▶ **Information supplied**
++++++++++++++++++++
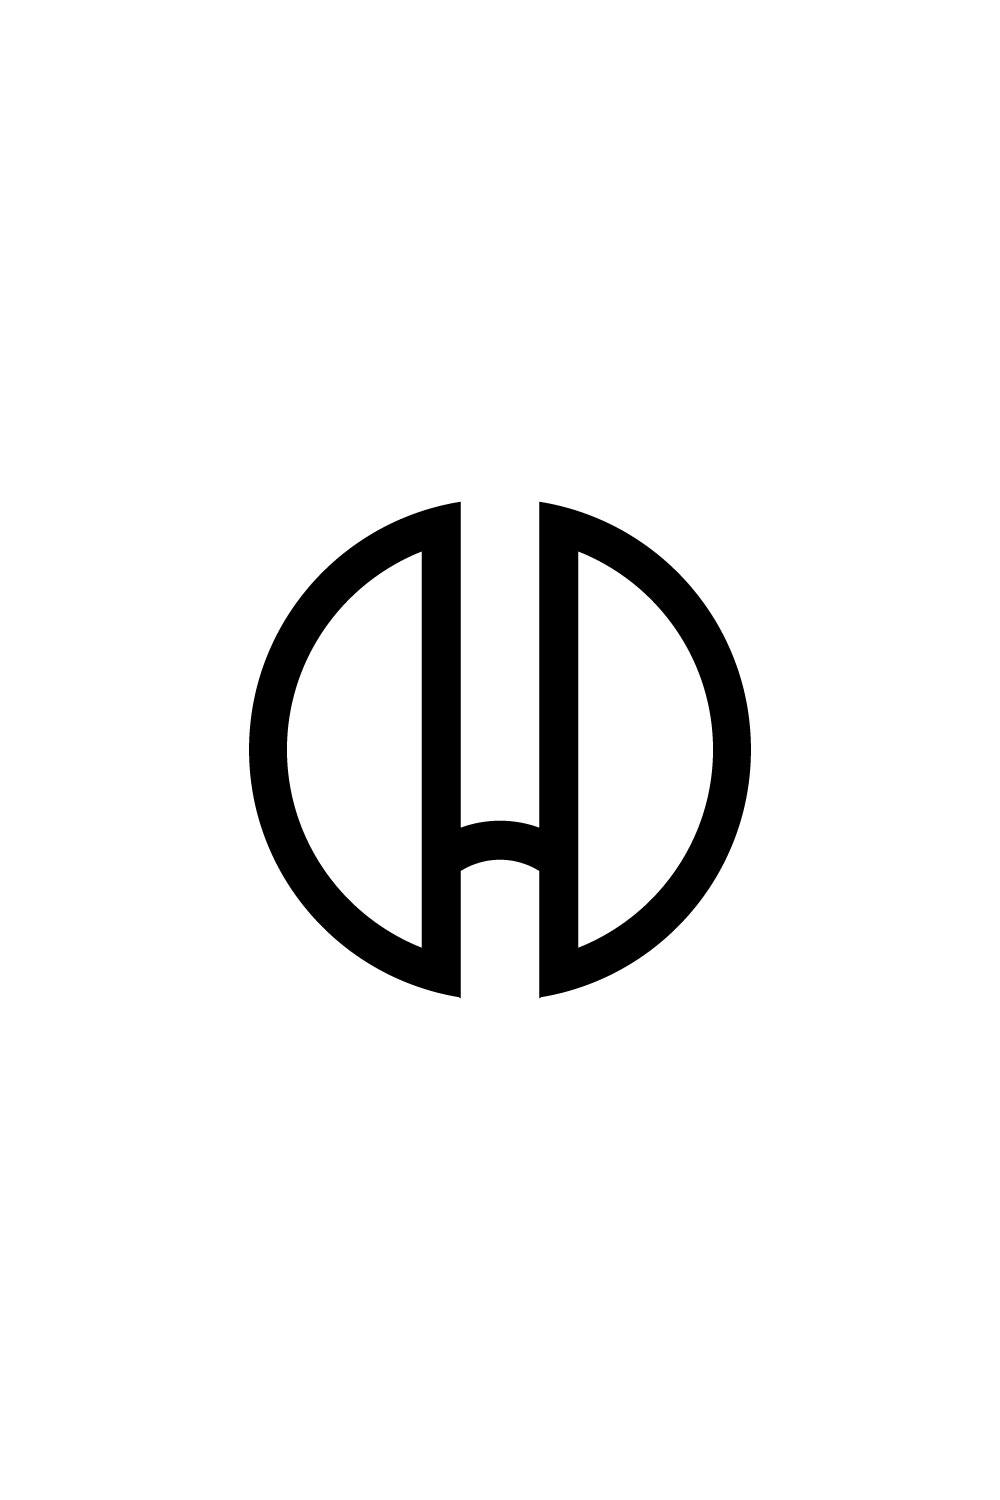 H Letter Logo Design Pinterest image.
++++++++++++++++++++
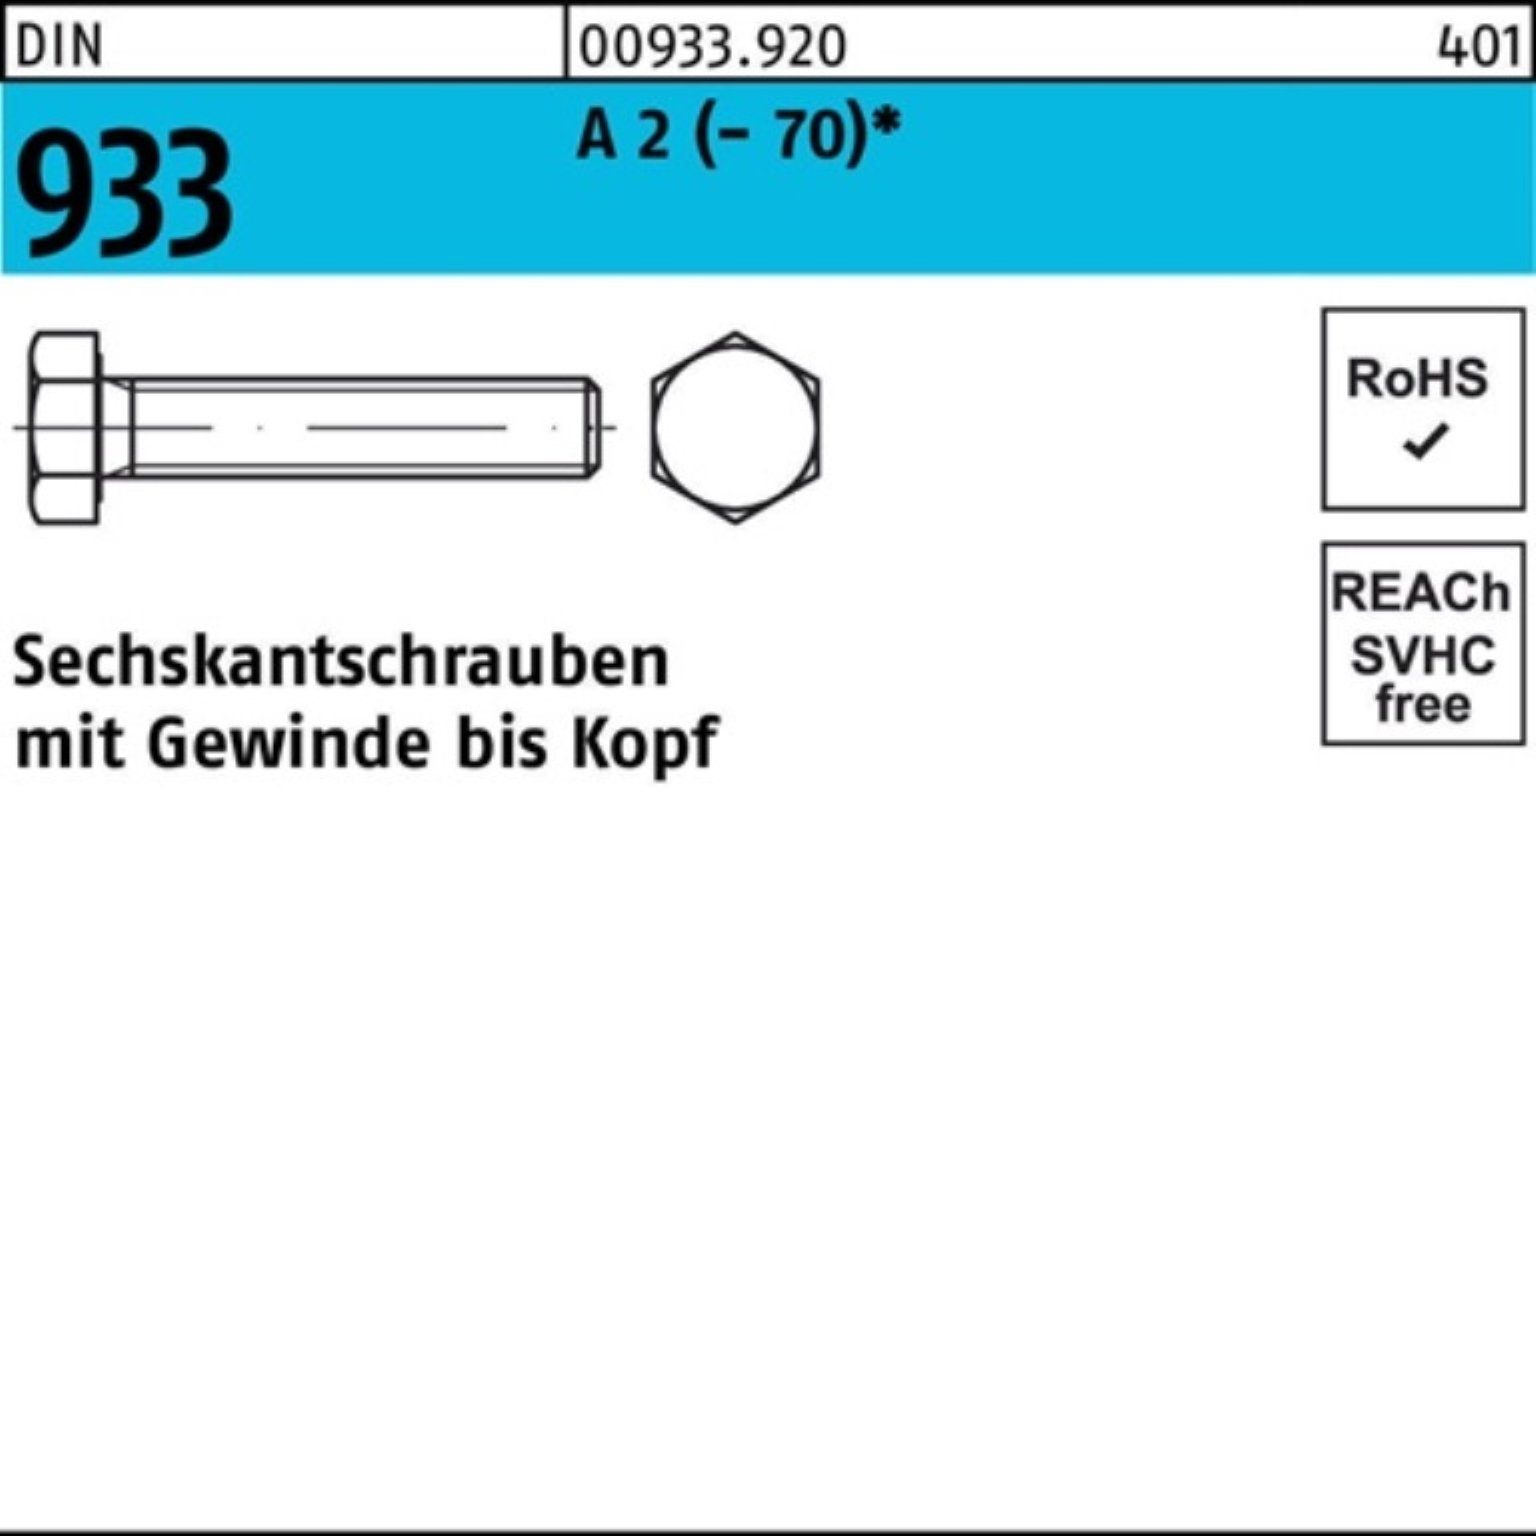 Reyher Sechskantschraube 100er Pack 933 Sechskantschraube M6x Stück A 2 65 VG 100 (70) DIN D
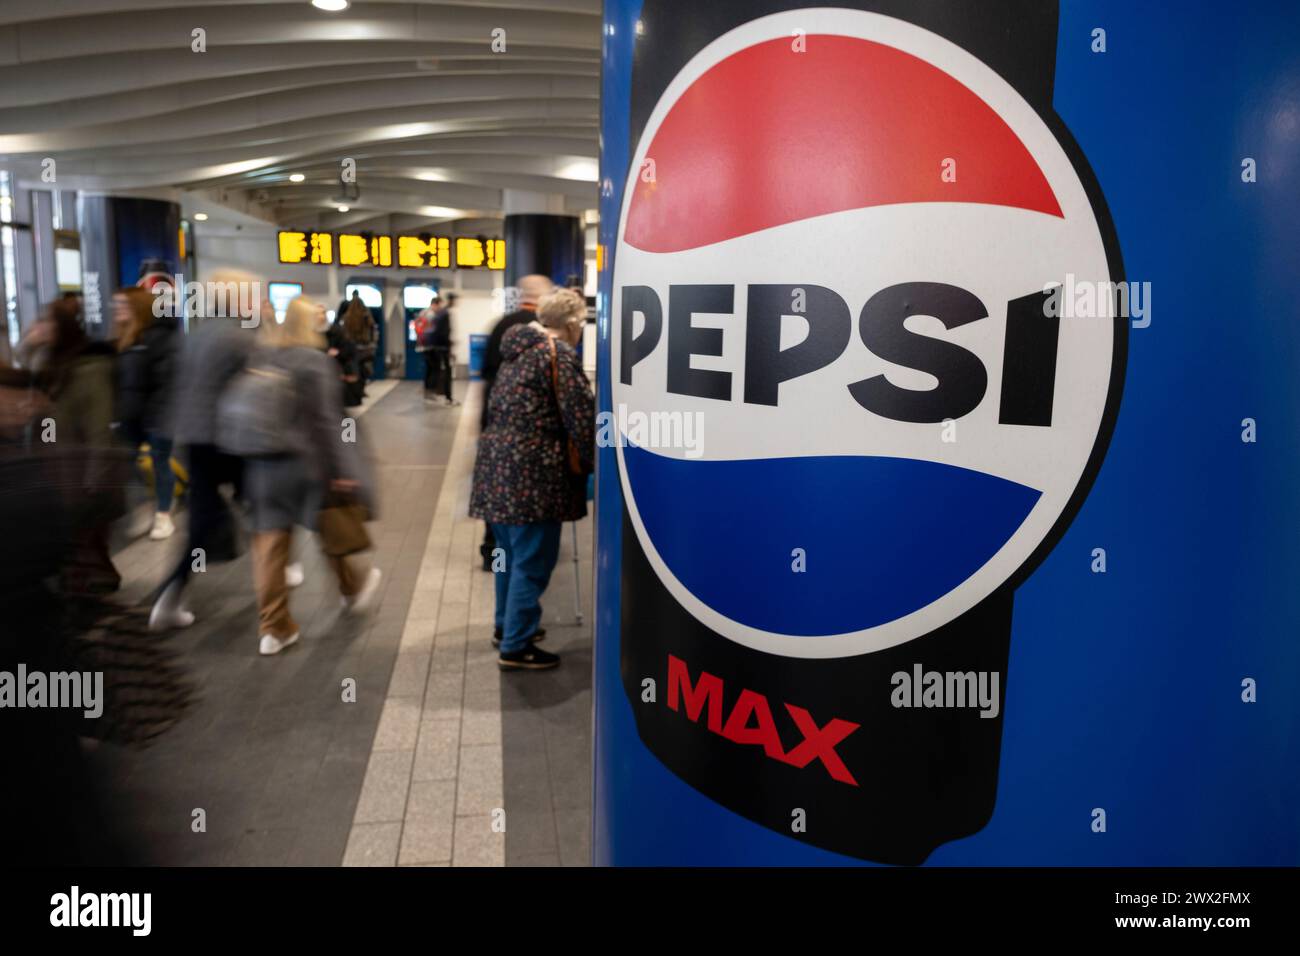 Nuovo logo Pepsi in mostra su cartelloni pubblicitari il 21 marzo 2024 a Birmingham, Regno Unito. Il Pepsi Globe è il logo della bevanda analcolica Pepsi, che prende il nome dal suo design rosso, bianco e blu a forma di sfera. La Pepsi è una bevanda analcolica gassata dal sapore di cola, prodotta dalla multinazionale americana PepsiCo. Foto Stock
++++++++++++++++++++
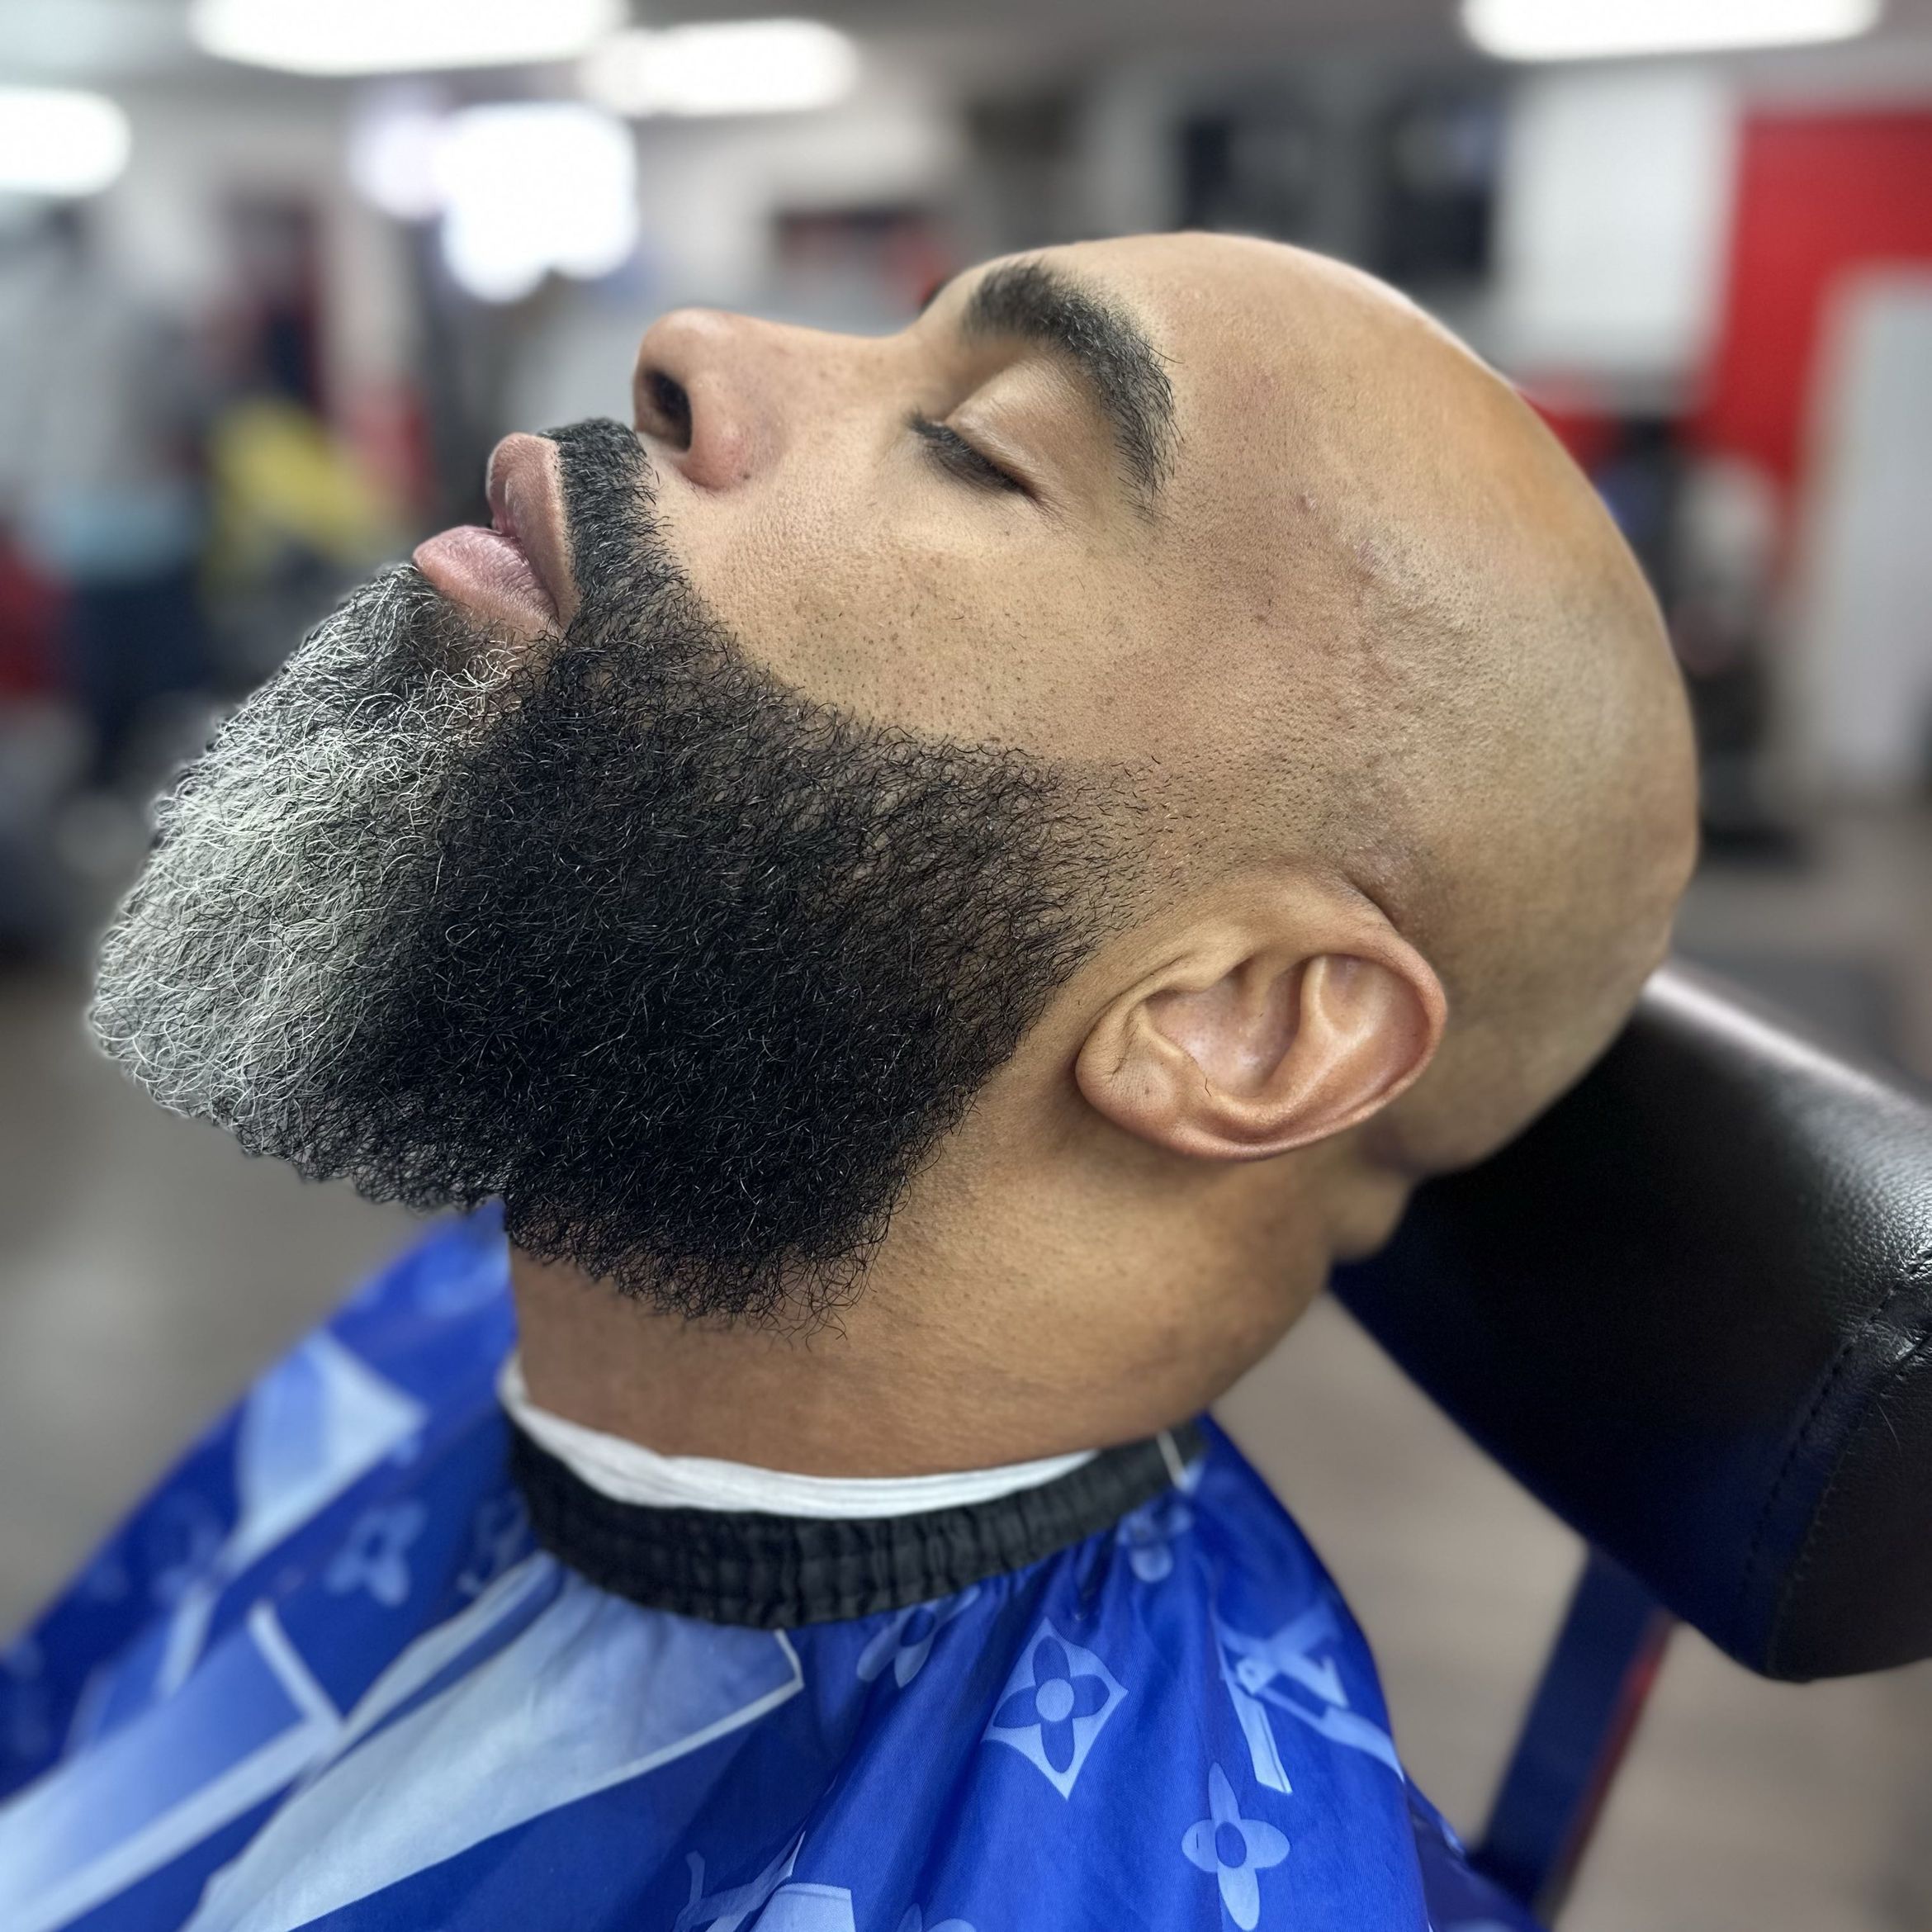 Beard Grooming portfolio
++++++++++++++++++++
▶ **Directions for this task**
Using the data above, which lines fall from the one with "Reyher Sechskantschraube 100er" through the one with "Nuovo logo Pepsi"? Repeat them exactly, ends included, minus any pictures.

▶ **Written solution**
 Reyher Sechskantschraube 100er Pack 933 Sechskantschraube M6x Stück A 2 65 VG 100 (70) DIN D
 Nuovo logo Pepsi in mostra su cartelloni pubblicitari il 21 marzo 2024 a Birmingham, Regno Unito. Il Pepsi Globe è il logo della bevanda analcolica Pepsi, che prende il nome dal suo design rosso, bianco e blu a forma di sfera. La Pepsi è una bevanda analcolica gassata dal sapore di cola, prodotta dalla multinazionale americana PepsiCo. Foto Stock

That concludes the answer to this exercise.